Published online by Cambridge University Press:  15 August 2001

PETER W. DUCK
Affiliation:
Department of Mathematics, University of Manchester, Manchester M13 9PL, UK
SONIA L. DRY
Affiliation:
Department of Mathematics, University of Manchester, Manchester M13 9PL, UK

Abstract

Steady, spatial, algebraically growing eigenfunctions are now known to occur in several important classes of boundary-layer flow, including two-dimensional hypersonic boundary layers and more recently in Blasius boundary layers subject to three-dimensional linearized disturbances, and in more general three-dimensional boundary layers. These spatial eigensolutions are particularly important and intriguing, given that they exist within the broad limits of the classical steady boundary-layer approximation, and as such are independent of Reynolds number.

In this paper we make the natural extension to these previous (stability) analyses by incorporating the effects of unsteadiness into the model for treating disturbances to a quite general class of similarity-type boundary-layer flows. The flow disturbances are inherently non-parallel, but this effect is properly incorporated into the analysis.

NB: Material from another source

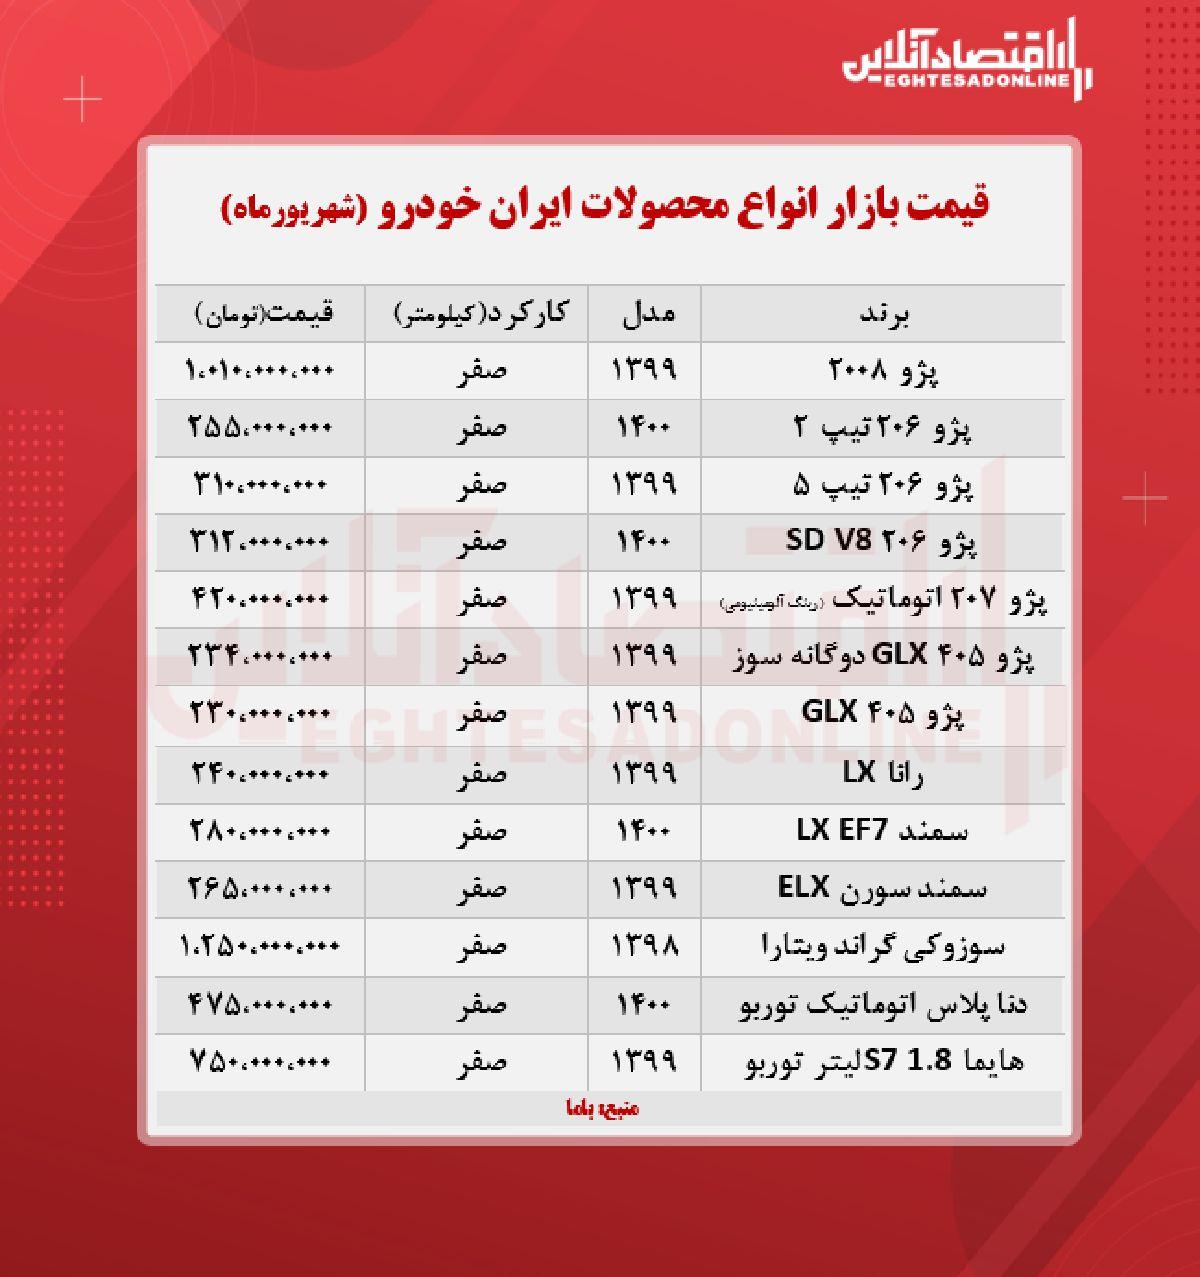 قیمت محصولات ایران خودرو امروز ۱۴۰۰/۶/۸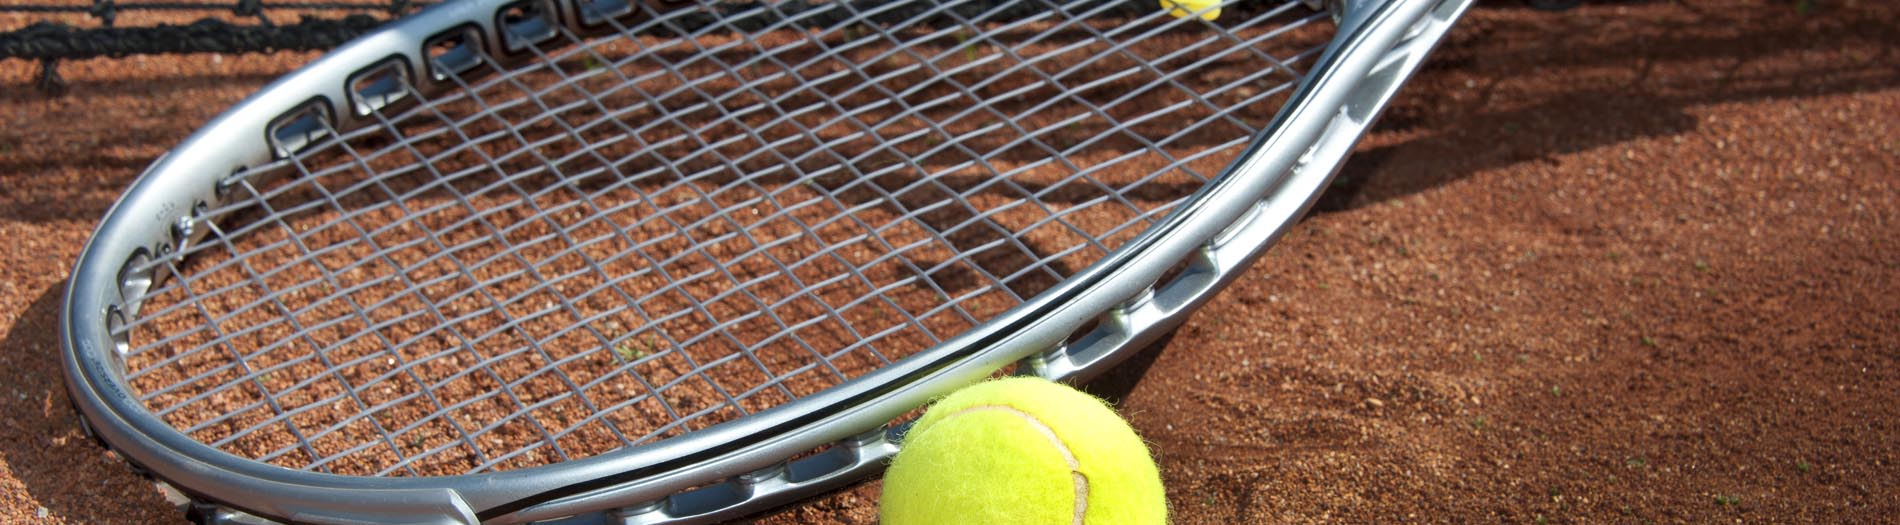 Tennis_MHP2723_1900

A further motivation for this paper is that Duck et al. (1999, 2000) have shown that by permitting a spanwise component of flow within a boundary layer of the appropriate form (in particular, growing linearly with the spanwise coordinate), it is found that new families of solutions exist – even the Blasius boundary layer has a three-dimensional ‘cousin’. Therefore a further aim of this paper is to assess the stability of the different solution branches, using the ideas introduced in this paper, to give some clues as to which of the solutions may be encountered experimentally.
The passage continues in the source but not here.